Bones and Skin: Structural Materials, Stress Analysis, and the Art of Building a Body That Survives
DOI: 10.5281/zenodo.18960243 · View on Zenodo (CERN)
Series: Open Humanoid — Article 5 of 20 Author: Oleh Ivchenko Date: March 2026
The Moment Everything Goes Wrong
Picture this: an 80-kilogram humanoid robot loses its footing on a slightly damp factory floor. The fall takes roughly 0.4 seconds — the time it takes you to blink twice. By the time the software stack registers what is happening, the hip joint is already at 40 degrees of unexpected lateral deflection. Then comes the impact.
At that instant, nothing matters less than the motion planning algorithm. The reinforcement-learned gait policy is irrelevant. The 1 kHz control loop cannot help you now. What matters — the only thing that matters — is whether the titanium hip bracket can absorb a 15-kilonewton impulse without fracturing, whether the CFRP femur link springs back or shatters, whether the TPU outer shell distributes that energy over a large enough contact patch to protect both the machine and anything standing next to it.
Materials science is unglamorous. It does not make headlines. But in those 0.4 seconds, it is everything.
This is Article 5 in the Open Humanoid series. Articles 3 and 4 established our kinematic architecture — 39 degrees of freedom, quasi-direct-drive motors, a 1 kHz EtherCAT control loop, and a total system mass target of 80 kg. Now we ask the foundational question that all that elegant motion planning rests on: what, physically, is this robot made of?

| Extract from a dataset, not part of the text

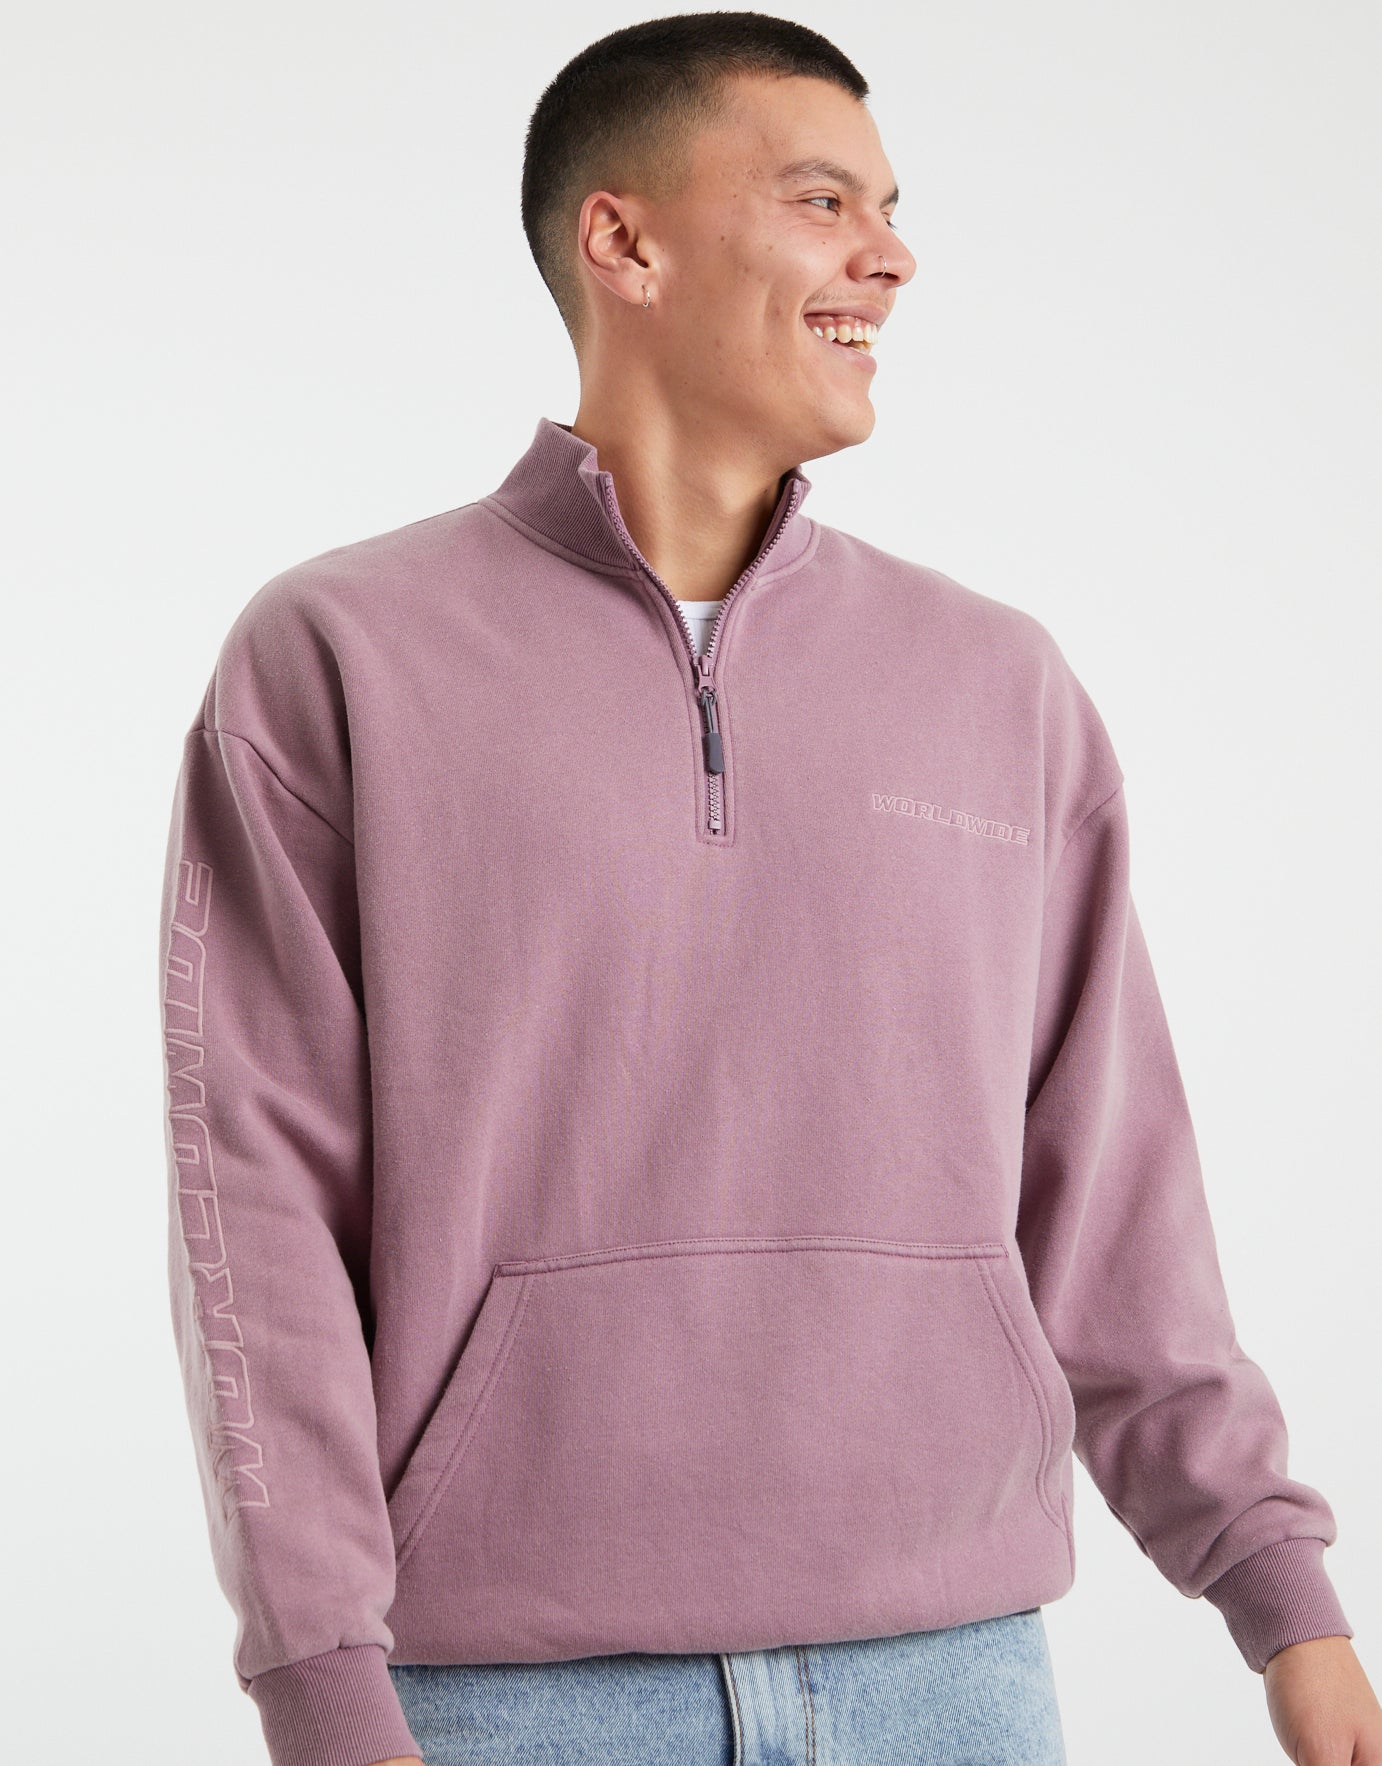 Quarter Zip Pullover for Men Oversized Plain 1/4 Zip Sweatshirt

The Mass Budget: A Constrained Life
Start with the brutal arithmetic. We have 80 kilograms to work with. From Article 4, we know that 39 QDD actuators — spanning four torque classes, from 0.4 kg fingers to 1.8 kg knee drives — consume approximately 28 kg of that budget. Batteries, sized for 60-plus minutes of normal operation at 48 V, demand another 15 kg. Compute and sensors (onboard GPU, IMU, depth cameras, force-torque units) add 4 kg.
That leaves 33 kilograms for everything structural: the bones, the joints, the skin, the wiring harnesses, the fasteners, the miscellaneous brackets that hold a complex machine together.
xychart-beta
title "Open Humanoid — 80kg Mass Budget"
x-axis ["Motors (39 QDD)", "Battery (48V)", "Structure", "Act. Housings", "Compute/Sensors", "Misc"]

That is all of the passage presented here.